Чувство, которое вдруг испытал Николотов на вираже, было ему незнакомо. Он вывел машину из левого виража и завалил направо, но ощущение нереальности и непостижимости мира не оставляло его, он не мог осознать и представить, где теперь земля, аэродром, и, повинуясь властному какому-то окрику, постарался понять себя и положение своей машины в этом хаосе, но не смог. Он знал по рассказам, что в воздухе порой случается такое и верить тогда можно лишь показаниям приборов и ни в коем случае своим ощущениям. Он взглянул на прибор — тот показывал правый крен в тридцать градусов; он посмотрел вперед, увидел опять луну, которая, переливаясь, плыла снизу вверх, мириады желтых и голубых огней, и, уже не веря себе, не понимая себя и тревожась, уставился на прибор, тоже не веря ему, на зеленый яркий контур накрененного самолета, взглядывая изредка на Николая, который спокойно смотрел вперед.
«Значит, все в порядке, черт! — подумал Николотов. — Странная история. Никогда бы не поверил…»
— Значит, говоришь, — сказал он, не сводя глаз с прибора и выводя машину из крена, — говоришь, что Кондратюк недоволен? Ничего! Ты ведь хорошо летаешь, я знаю… Не огорчайся.
Он боялся, что Амахарадзе вдруг заметит это его состояние, которое стало уже угнетать и пугало своей затянутостью. И что-то внутри его кричало панически: «Не вижу землю! Не вижу землю!» — словно подавая тревожные сигналы. По приборам летел он точно, не теряя высоты и угла крена, но взглянуть на нереальный, потерянный мир, в котором летел, и убедиться опять, что он не видит земли, уже не решался. Он успокаивал себя, думая о том, что такое случается и с очень опытными и бывалыми летчиками и ничего страшного в этом нет, это проходит бесследно и, может быть, даже полезно испытать своей шкурой это преходящее состояние, но затянувшееся ощущение провала, зыбкости и хаоса, тот сквознячковый какой-то, простудный и липкий пот, охладивший вдруг лоб и темя, — все это стало тревожить его не на шутку, и он, стараясь оставаться спокойным, позевывая, сказал Николаю:
— Ну-ка, Коль, покрути… Чего-то я устал сегодня, перед отпуском-то.

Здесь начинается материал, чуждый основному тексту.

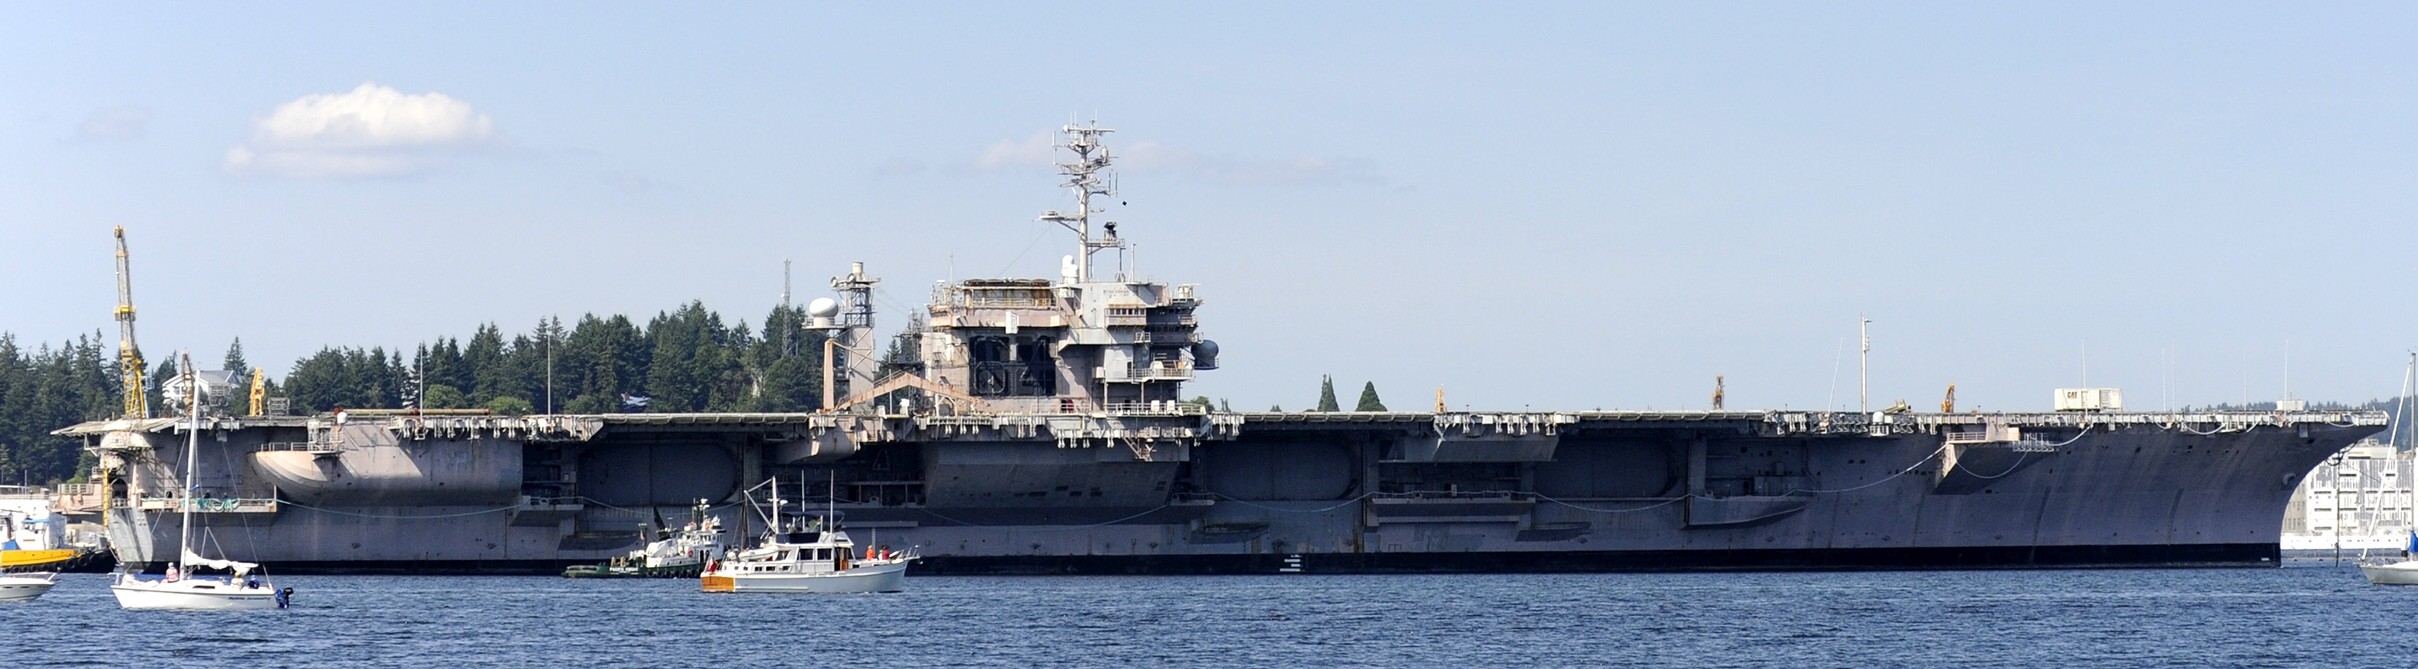 cv-64 uss constellation kitty hawk class aircraft carrier us navy bremerton washington 2014 19

И, не выдавая себя, снова пристально посмотрел на Амахарадзе, который взялся за штурвал, ничего не заметив. И Николотов сквозь зевоту, продолжительную и знобкую, спросил озираясь:
— А не уклонились ли мы вправо?
Николай, выводя машину из крена и оглядывая землю, пожал плечами и отрицательно покачал головой.
— Ну ладно, — сказал Николотов и прикрыл глаза.
И он вспомнил в этой короткой отвлеченности, в сонливости, что было раньше, на другом аэродроме с бетонированной полосой, когда поднимался в воздух и работал в зоне… А что тогда было? Были кучевые облака, которые он вспарывал… Ну и что же? И по ночам летали. Как и здесь. Только тогда были другие машины — теперь комфорт: мягкое кресло, второй летчик, штурман Иван за переборкой, который, наверно, слушает сейчас от безделья джазы… Другое дело полет по маршруту. Там ему работа…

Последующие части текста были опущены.